### Exercise
Write the data out in full and word for word. Do not include images.

### Information shown
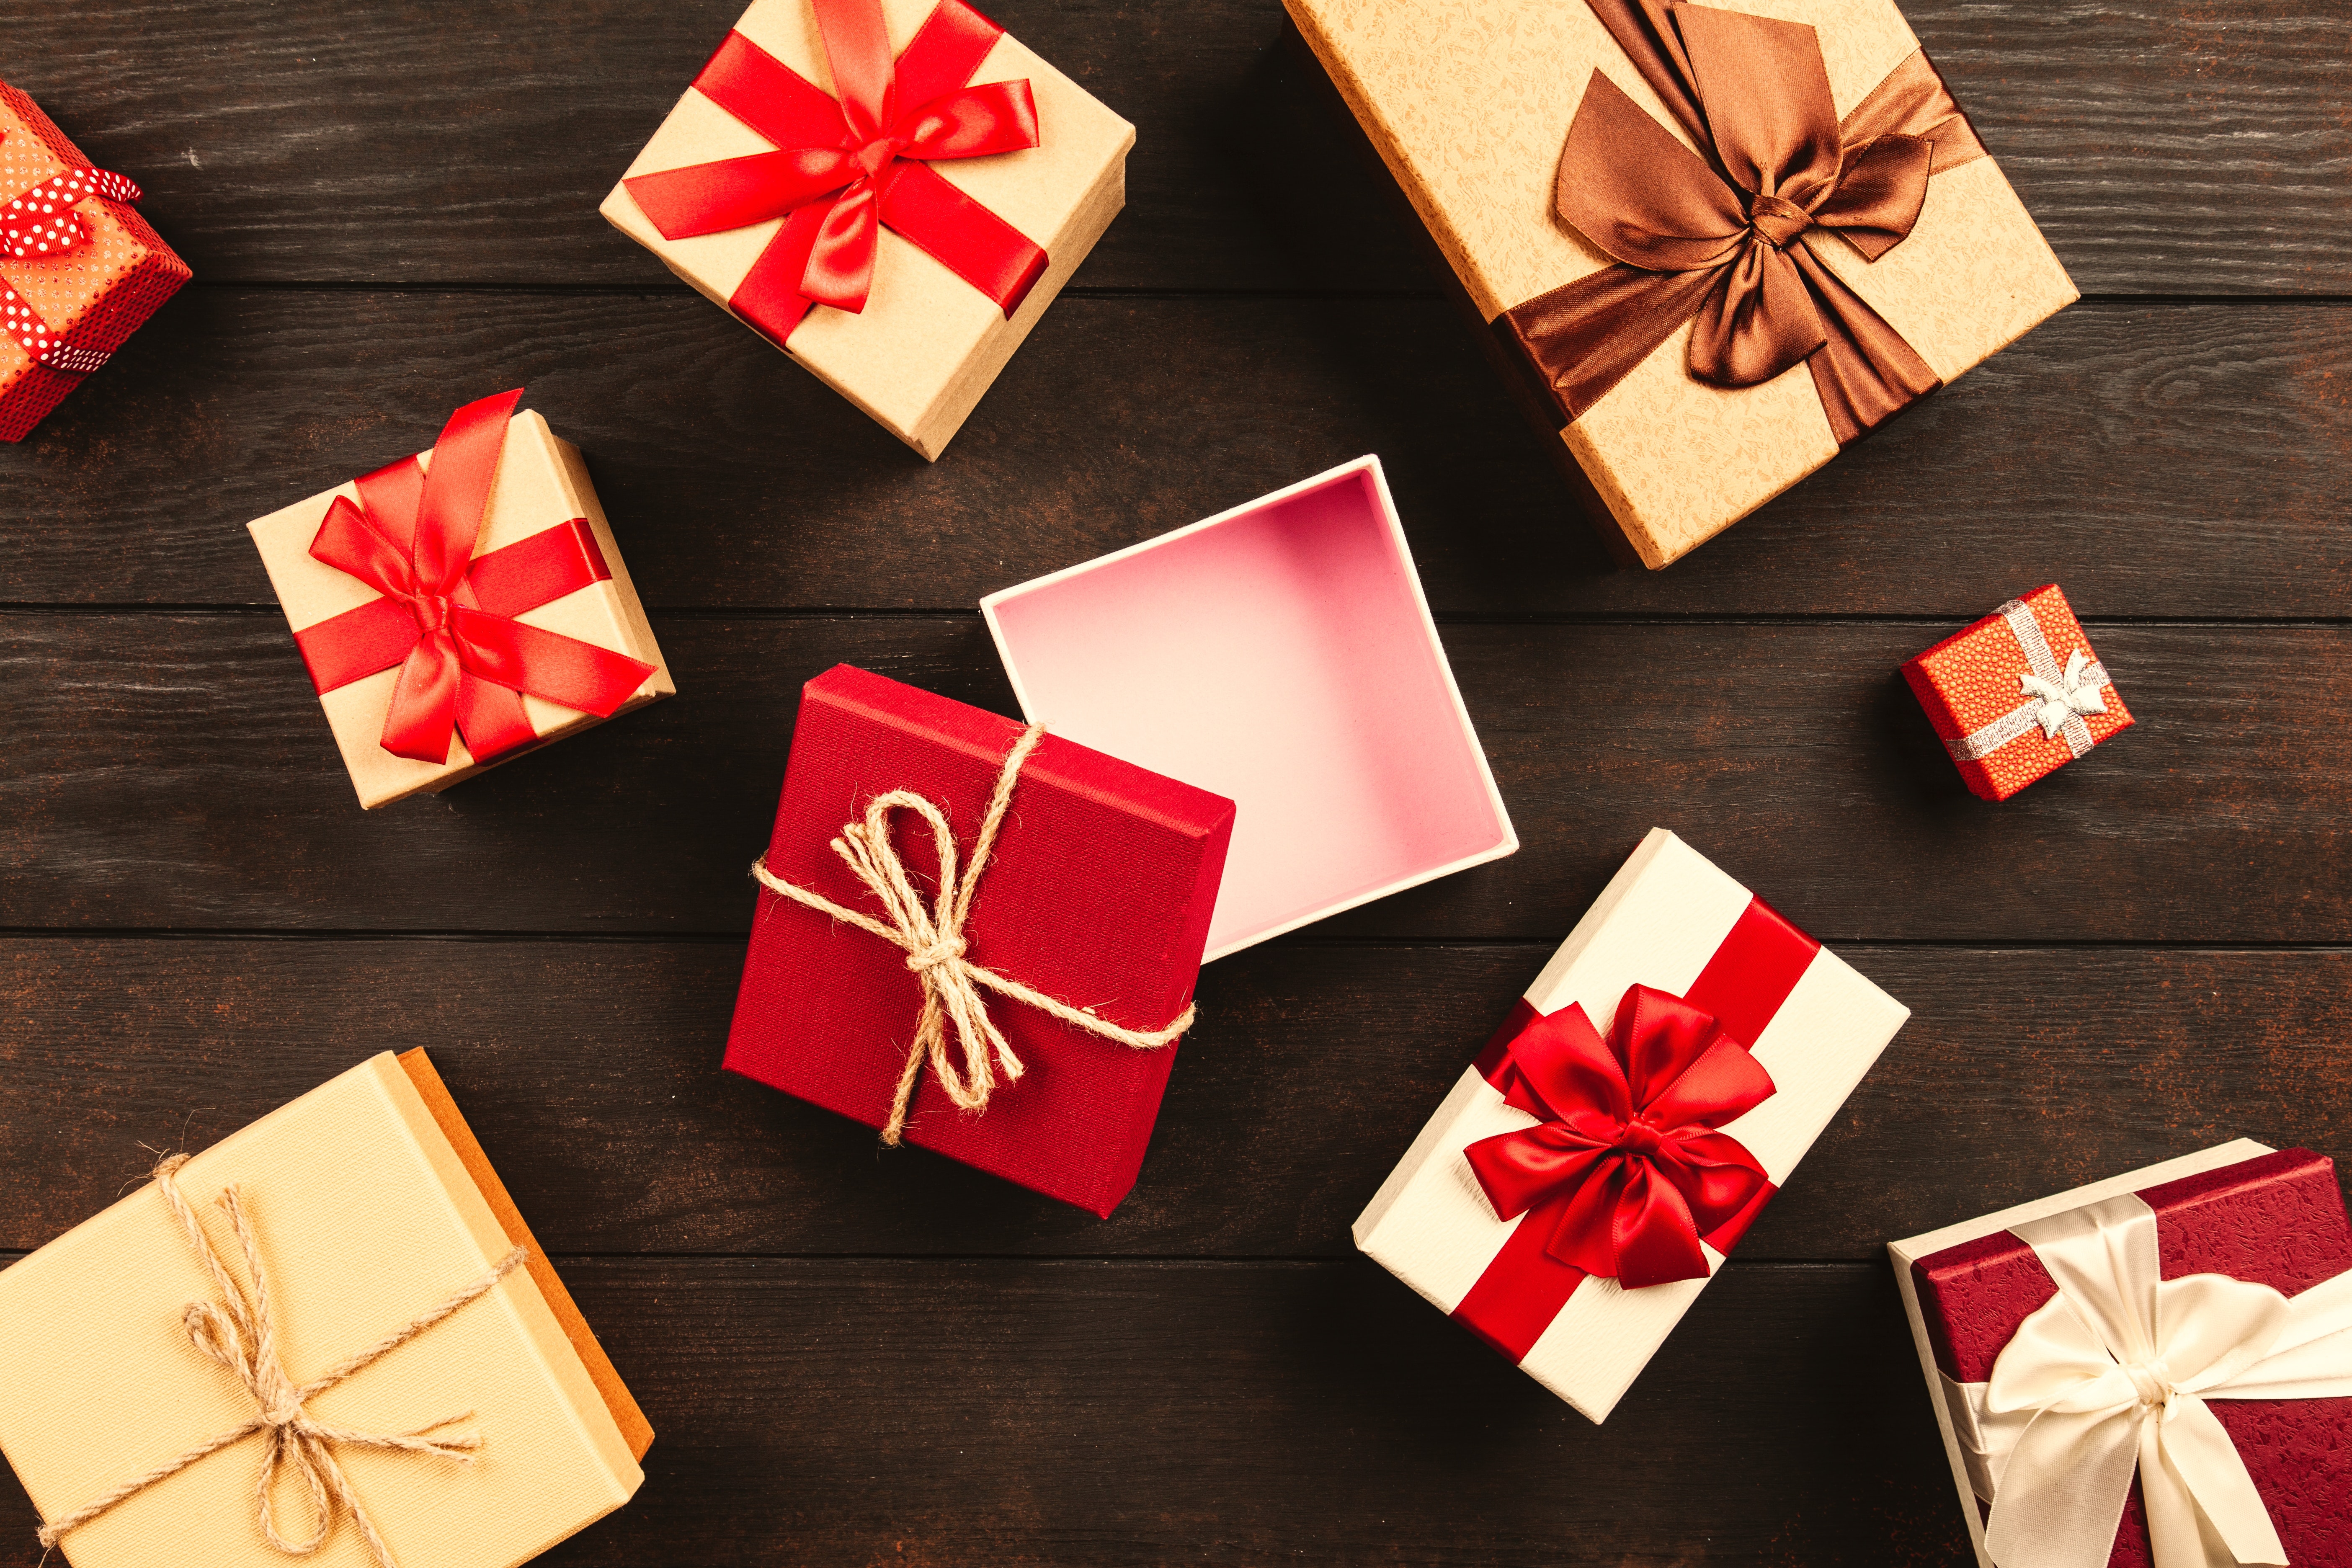 5 Festive Gift Ideas for Under $5
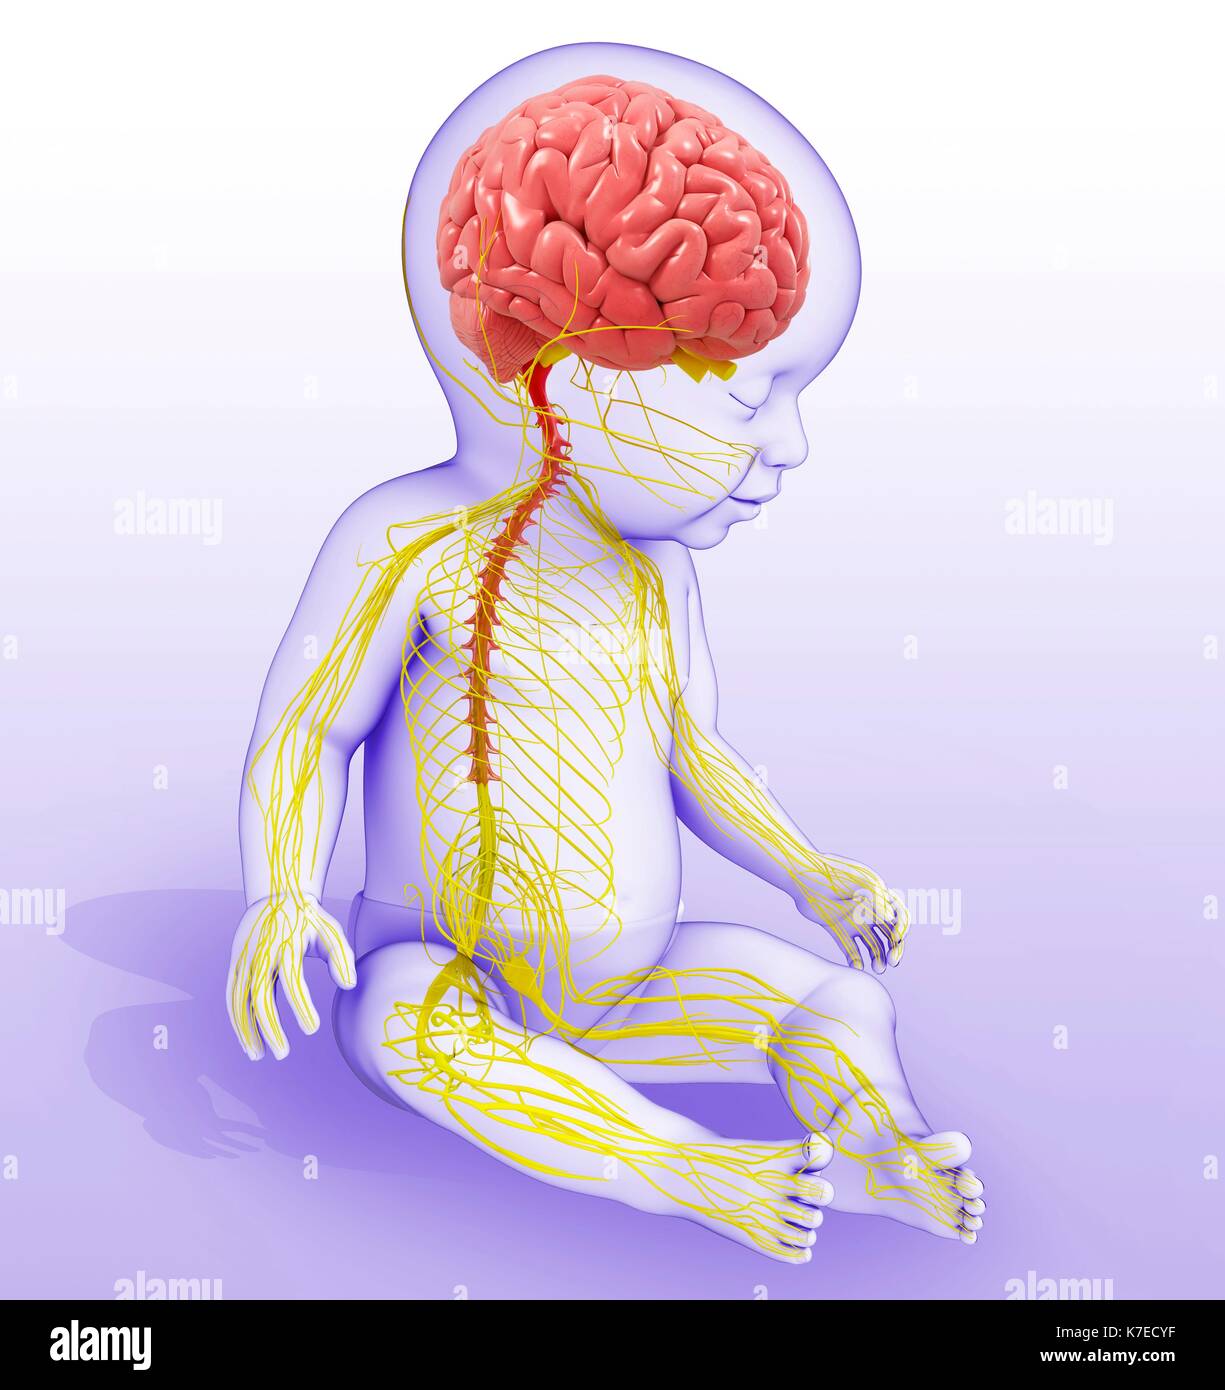 Поражение мозга у новорожденных. Нервная система ребенка. Нервная система новорожденного ребенка. Центральная нервная система ребенка. Спинной мозг ребенка и взрослого.
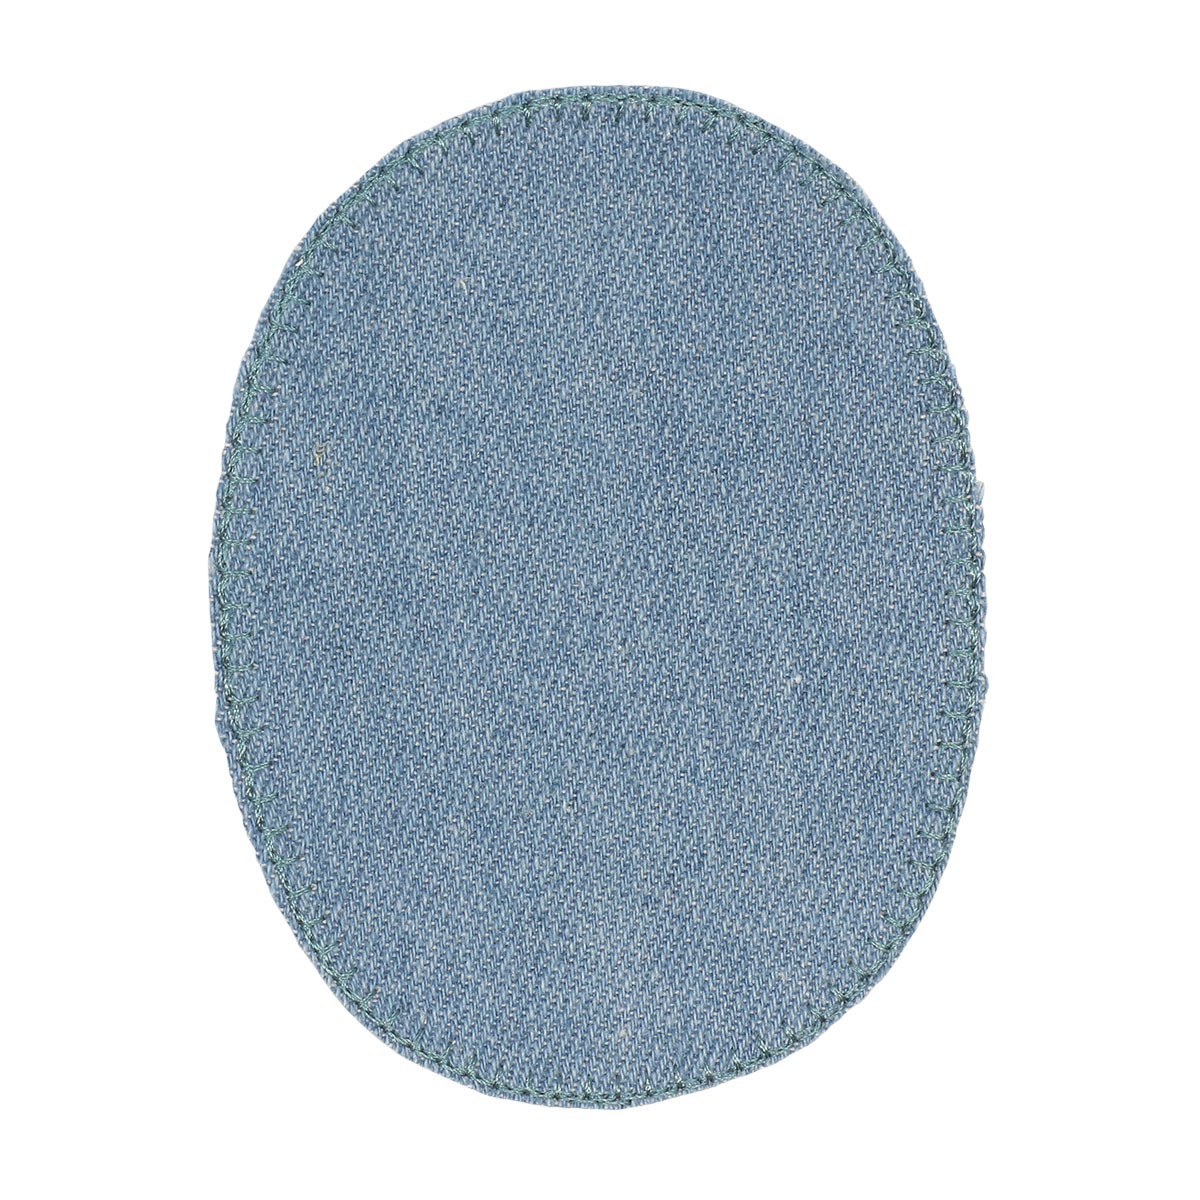 Заплатка Prym термоклеевая из джинсовой ткани деним для уплотнения ткани 8х11 см голубой 929295 - фото 3
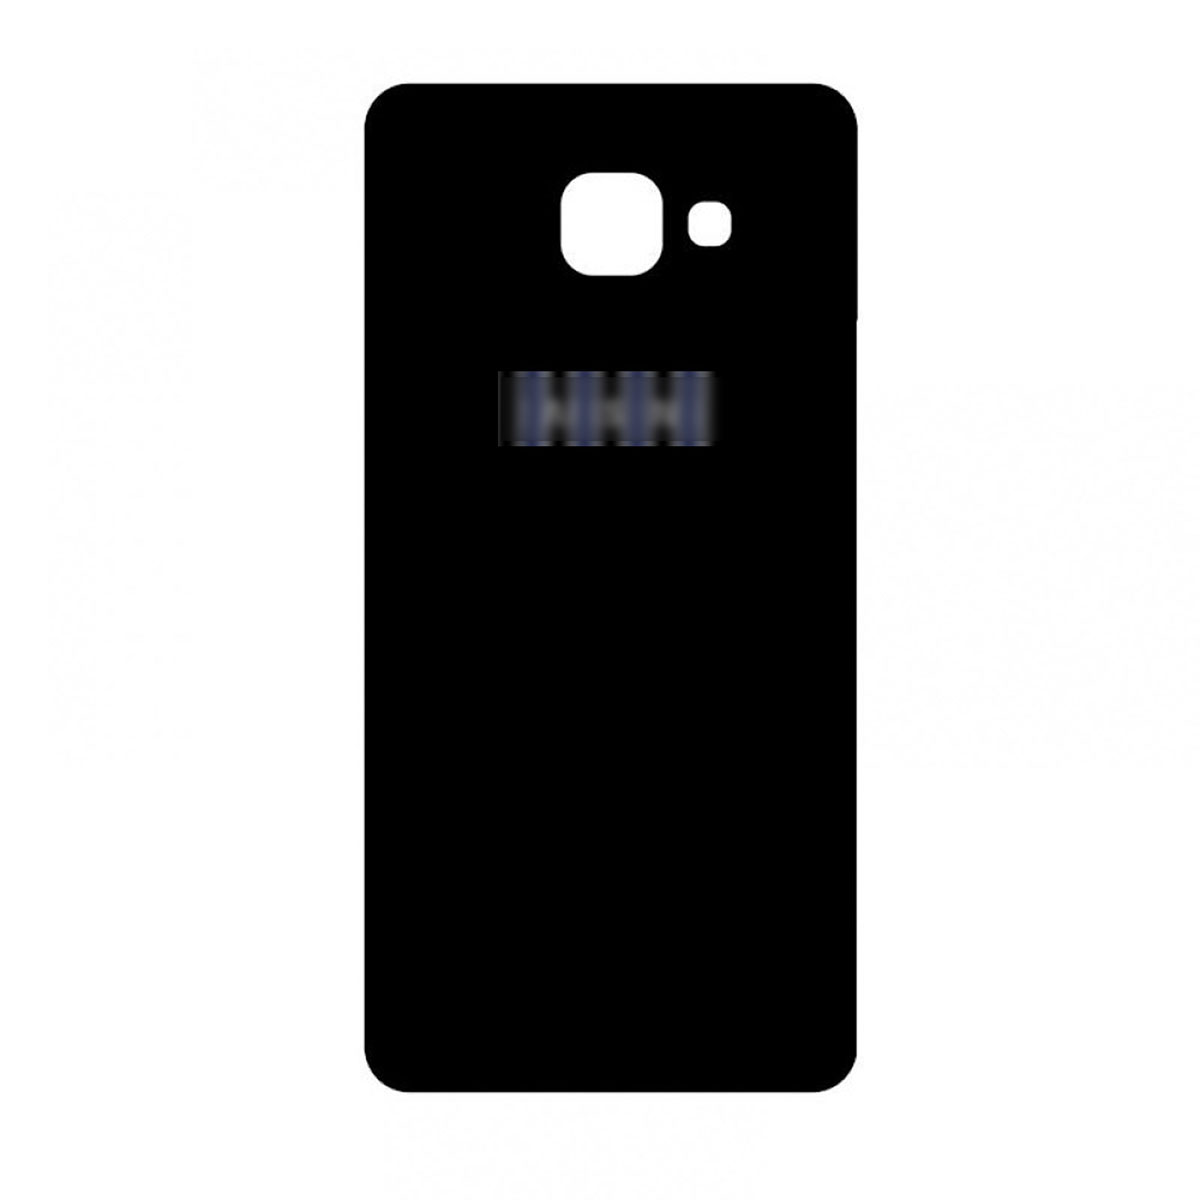 Крышка корпуса задняя для SAMSUNG Galaxy A7 2016 (SM-A710F), оригинал, цвет черный.

### Exercise response
 5 Festive Gift Ideas for Under $5
 Поражение мозга у новорожденных. Нервная система ребенка. Нервная система новорожденного ребенка. Центральная нервная система ребенка. Спинной мозг ребенка и взрослого.
 Заплатка Prym термоклеевая из джинсовой ткани деним для уплотнения ткани 8х11 см голубой 929295 - фото 3
 Крышка корпуса задняя для SAMSUNG Galaxy A7 2016 (SM-A710F), оригинал, цвет черный.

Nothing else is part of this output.